The backend converts the results of a user request into JavaScript Object Notation (JSON) [50], [51]. JSON is a light-weight data transfer type that consists of a collection of name/value pairs. The backend first receives a client request. It then retrieves the search form data selected by the client and verifies that the data type is appropriate. Next, it creates a Select query, sends it to the database, gets the results of the input from the client, and sends the results back to the client. The backend not only sends the result of a request to a client, but also processes infectious disease statistics collected by the KCDC and stores them in our database. Our system utilizes the Apache Commons
Library [52] to load data from CSV files and imports the infectious disease and geo-location code line-by-line to map the names of infectious diseases to the names of districts. When mapping is complete, the backend creates an Insert query, transfers the query to the database, and saves the numerical data.
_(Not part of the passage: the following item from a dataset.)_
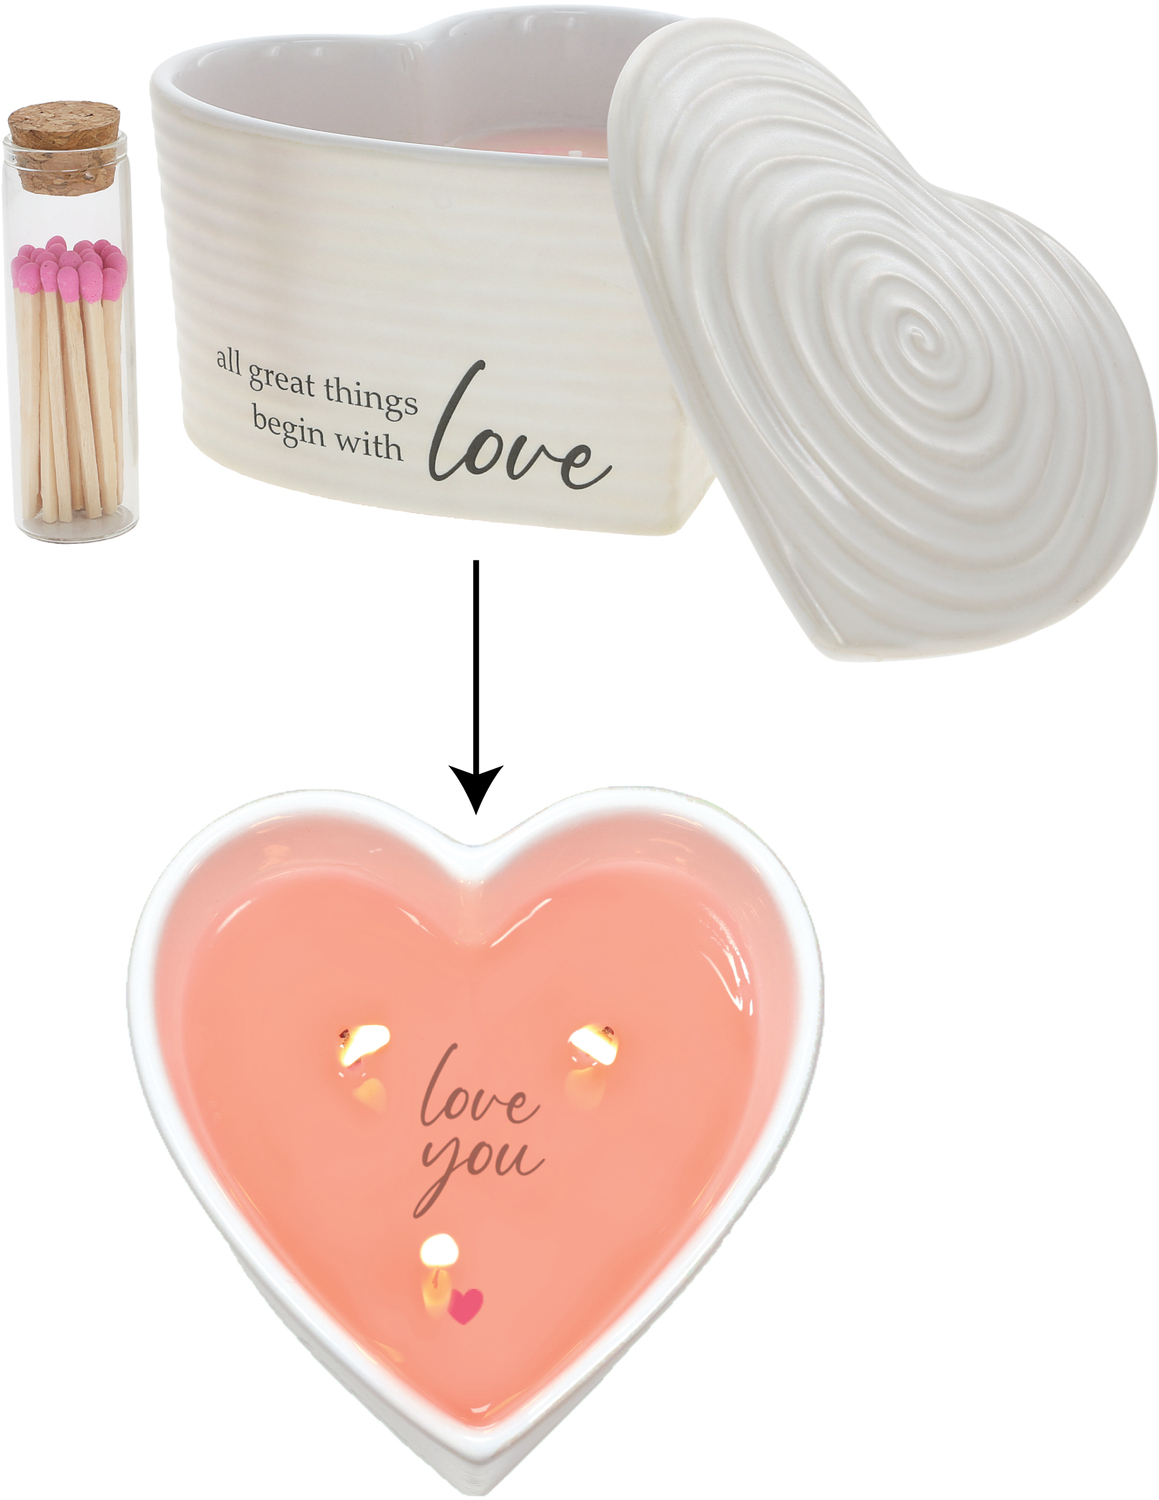 Love by Thoughts of Home - Love - 8 oz - 100% Soy Wax Reveal Triple Wick Candle with Matches
Scent: Vanilla

The frontend provides an interface with a search form and chart area to display selected results. The backend transforms keywords (e.g., year, month, district, infectious disease name) from the search form selected by the user into JSON form and transmits them to the web server. We utilize AJAX to transfer data to the web server. AJAX is a web development technique for building asynchronous web applications and frontend functions to visualize search results from a web server for users. We utilize Chart.js [53] for visualization. Chart.js is an open-source library that provides various functions for drawing charts. We draw charts by district, time, infectious disease, gender, and age in the form of bar, line, and pie charts.
IV. Results
Our system presents the results of visualization of infectious disease outbreak queries based on five statistics criteria: district, time, infectious disease, gender, and age. We also describe how users can retrieve useful information through our system. Our system is currently available on the web through http://www.epidemic.co.kr/statistics. Figure 3 presents the web page that our system provides as a user interface. This web page includes the search form and eight charts. Part A in Figure 3 is the search form. Users can select the year, month, district, and infectious disease name. Part B is the block that displays infectious disease statistics charts according to user selections. Part B presents charts sorted by five statistical criteria. B-1 presents statistics by district, B-2 presents statistics by time, B-3 presents statistics by infectious disease, B-4 presents statistics by gender, and B-5 presents statistics by age. The details for each of the statistics are described below.
A. District
The district is one of the most important factors affecting the outbreak of infectious diseases. Depending on the location of the district, the terrain and climate are different. In other words, the risk of infection for each infectious disease varies according to the characteristics of the district. In the Middle East, which has a desert-like climate, people encounter infectious diseases such as the Middle East respiratory syndrome coronavirus (MERS) and cholera. The outbreak of malaria in Korea was severe in Incheon, Gyeonggi, and Gangwon, which is close to North Korea. In Jeonnam, Gyeongnam, and Chungnam, the risk of scrub typhus is high.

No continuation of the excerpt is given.